Stupro

Questo testo ha un contenuto che potrebbe turbare chi lo legge per la sua stessa natura.

Ponderate cosa desiderate fare. Qualora continuaste la lettura sarebbe gradito un commento.

Si tratta di una storia reale, di cui sono stati omessi i particolari e di cui è stata accordata la forma pubblica con la vittima.

ooo—ooo

Ci sono storie che hanno tempi per essere raccontate e che si narrano a fatica, ci sono storie fredde che non si risolvono vivendo ma che necessitano di essere riprese in mano e riguardate più volte per divenire passato e non sostare nel presente.

Mettiamo che una storia, di una donna, contenga uno stupro. Mettiamo che questa storia debba essere narrata per uscire definitivamente da lei. Proviamo a descrivere questa storia, omettendo chiaramente tutto ciò che ricondurrebbe a lei ma rimanendo nella potenza narrativa e nell’opera di bonifica che il racconto esegue, da solo, in un autorigenerarsi di particolari e resilienza.

Ti racconto. 

Ti ascolto.

Avere vent’anni e sognare un amore. Un principe azzurro con il quale fare l’amore per la prima volta. Baci appassionati e carezze a risvegliare la passione frenata fino ad allora; nell’attesa di colui che l’amore facesse entrare nel suo corpo vergine.

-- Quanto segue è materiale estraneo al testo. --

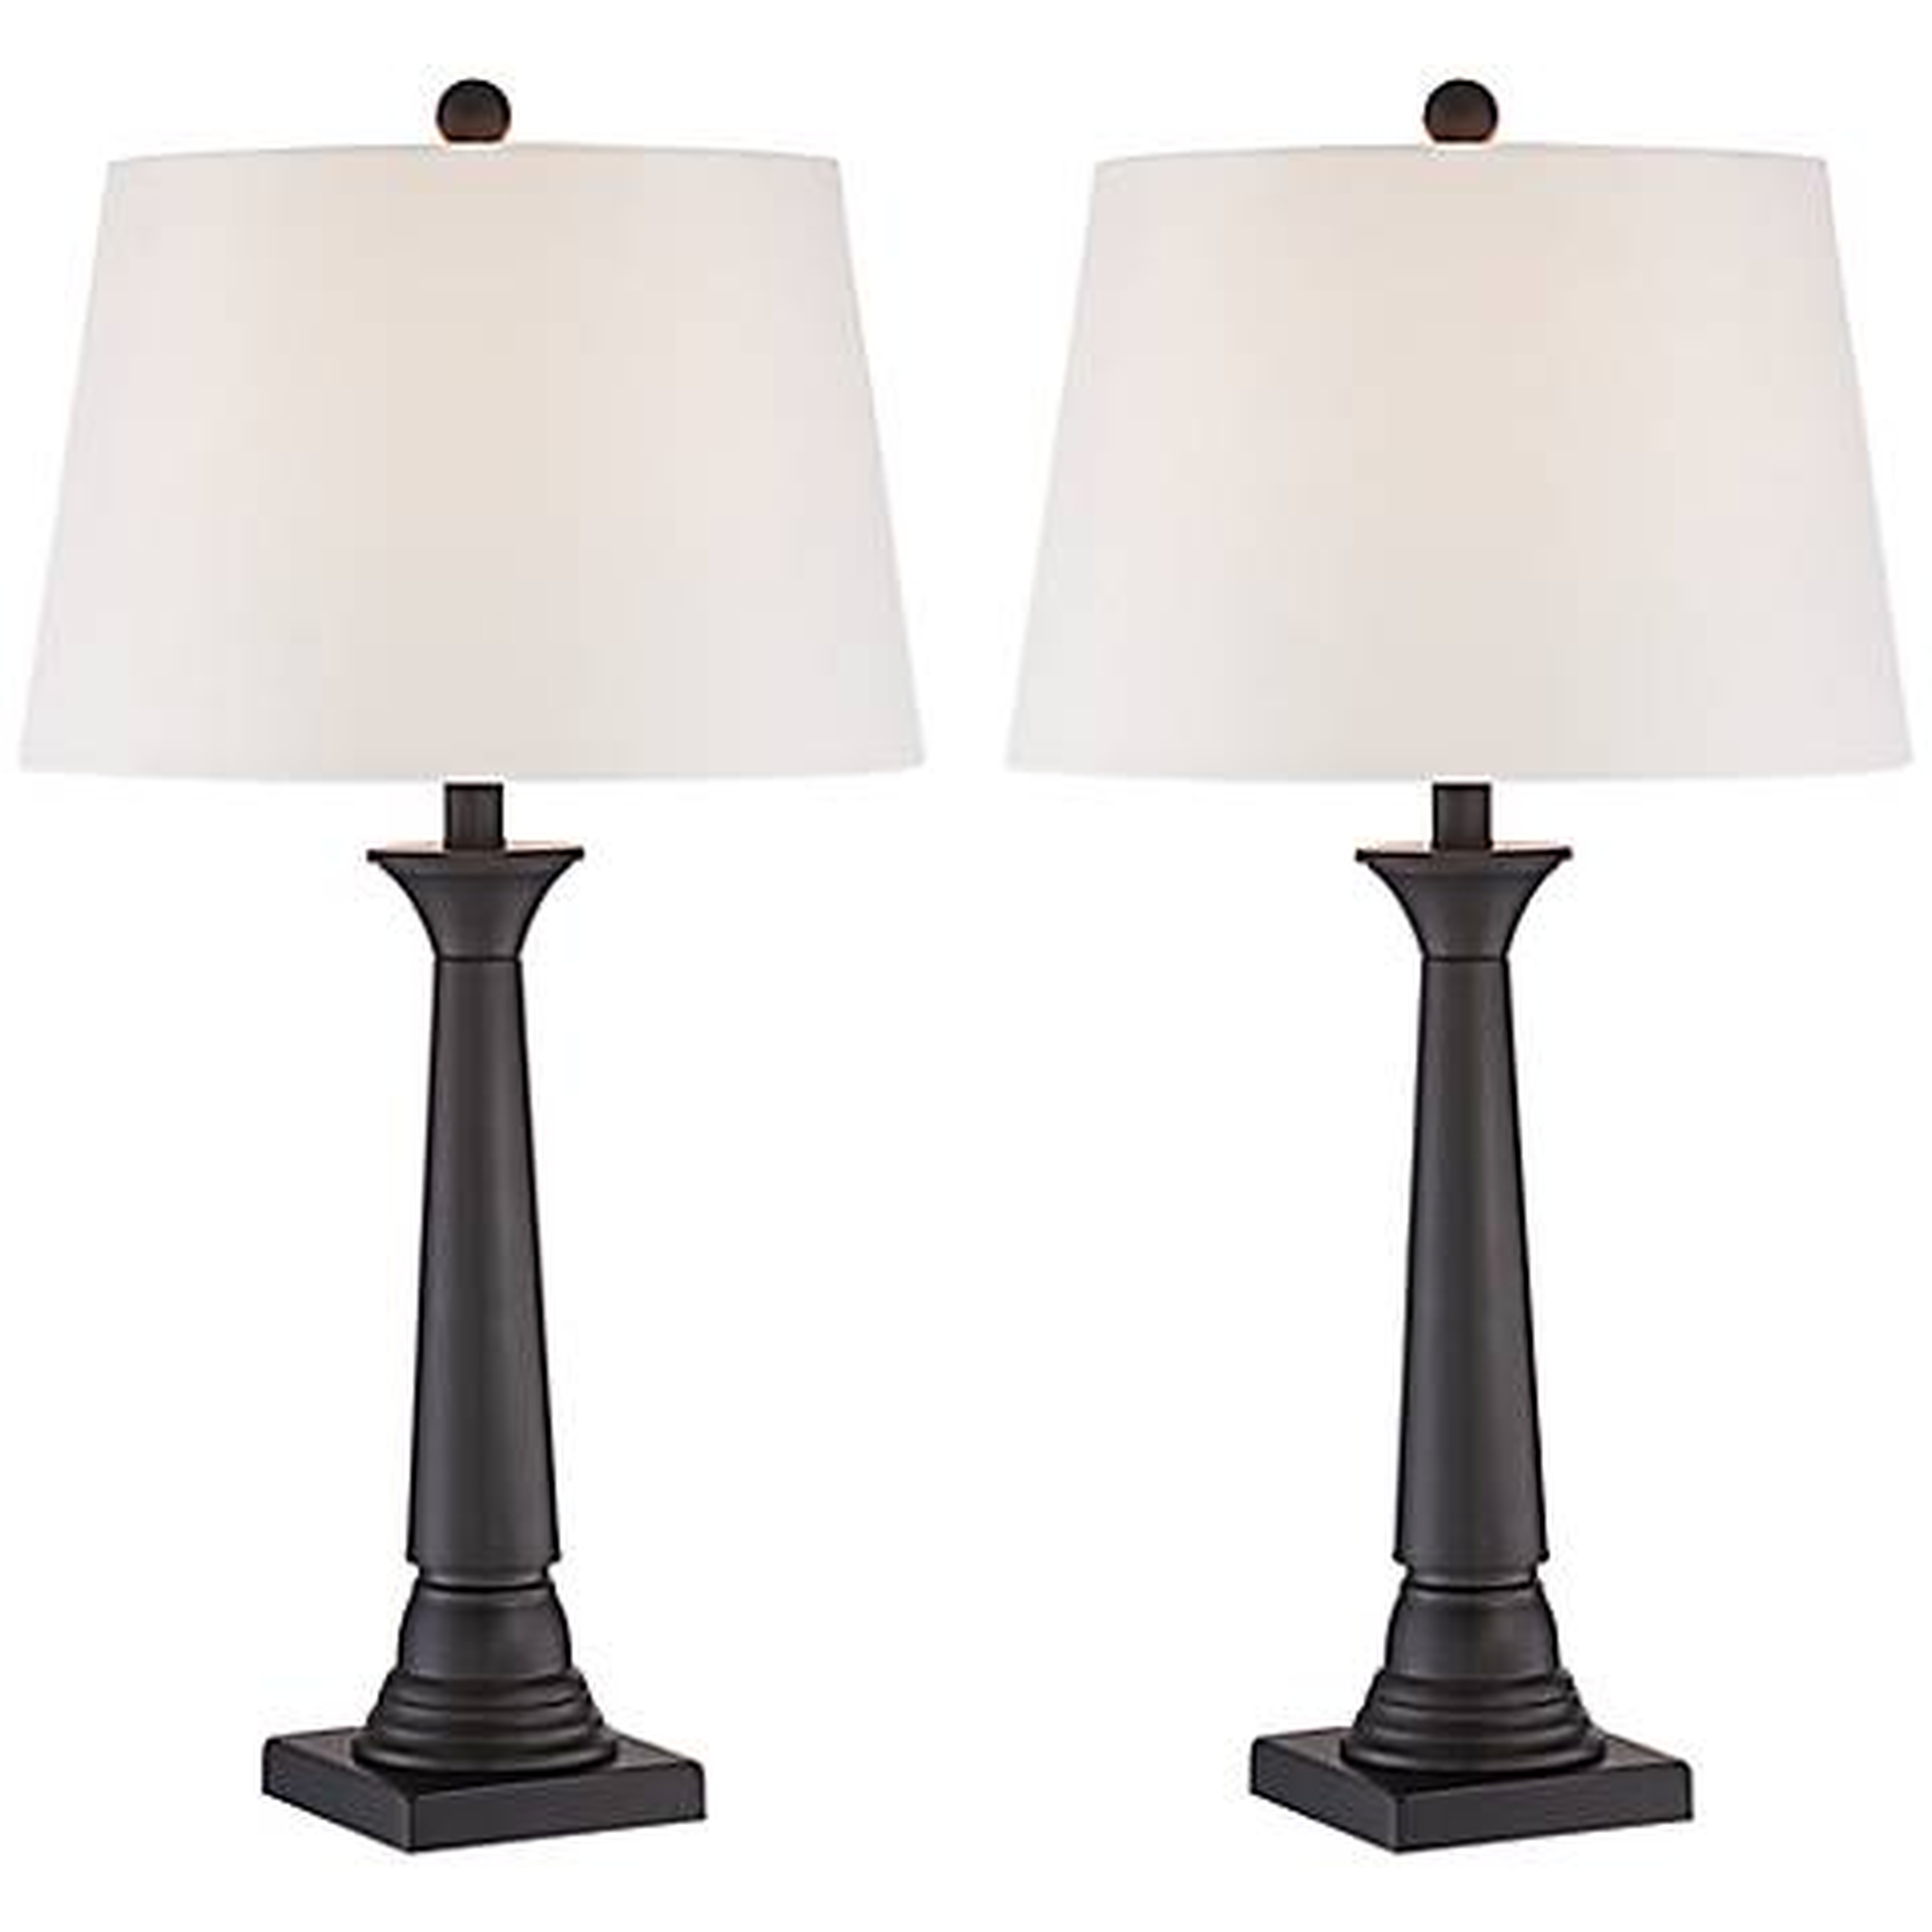 Dolbey Bronze Tapered Column Table Lamp Set of 2 - Lamps Plus

Avere vent’anni ed andare in discoteca, una di quelle grandi dove si fuma. Dove il grigio della nicotina è denso e spesso, dove si balla sconclusionatamente cercando qualcuno con lo sguardo distratto da un bicchiere pieno di ghiaccio e di liquido colorato rosso che sa vagamente di arancia e bitter.

E c’è un’amica che quella sera ha trovato un tipo che le piace. E si è imboscata chissà dove. La ragazza con il bicchiere pieno di ghiaccio è innervosita e stanca e gli occhi le bruciano. Cerca una sigaretta, con un filtro bianco, la accende per far valere i suoi sfacciati vent’anni fatti di un corpo da gonna corta e di lunghi capelli neri.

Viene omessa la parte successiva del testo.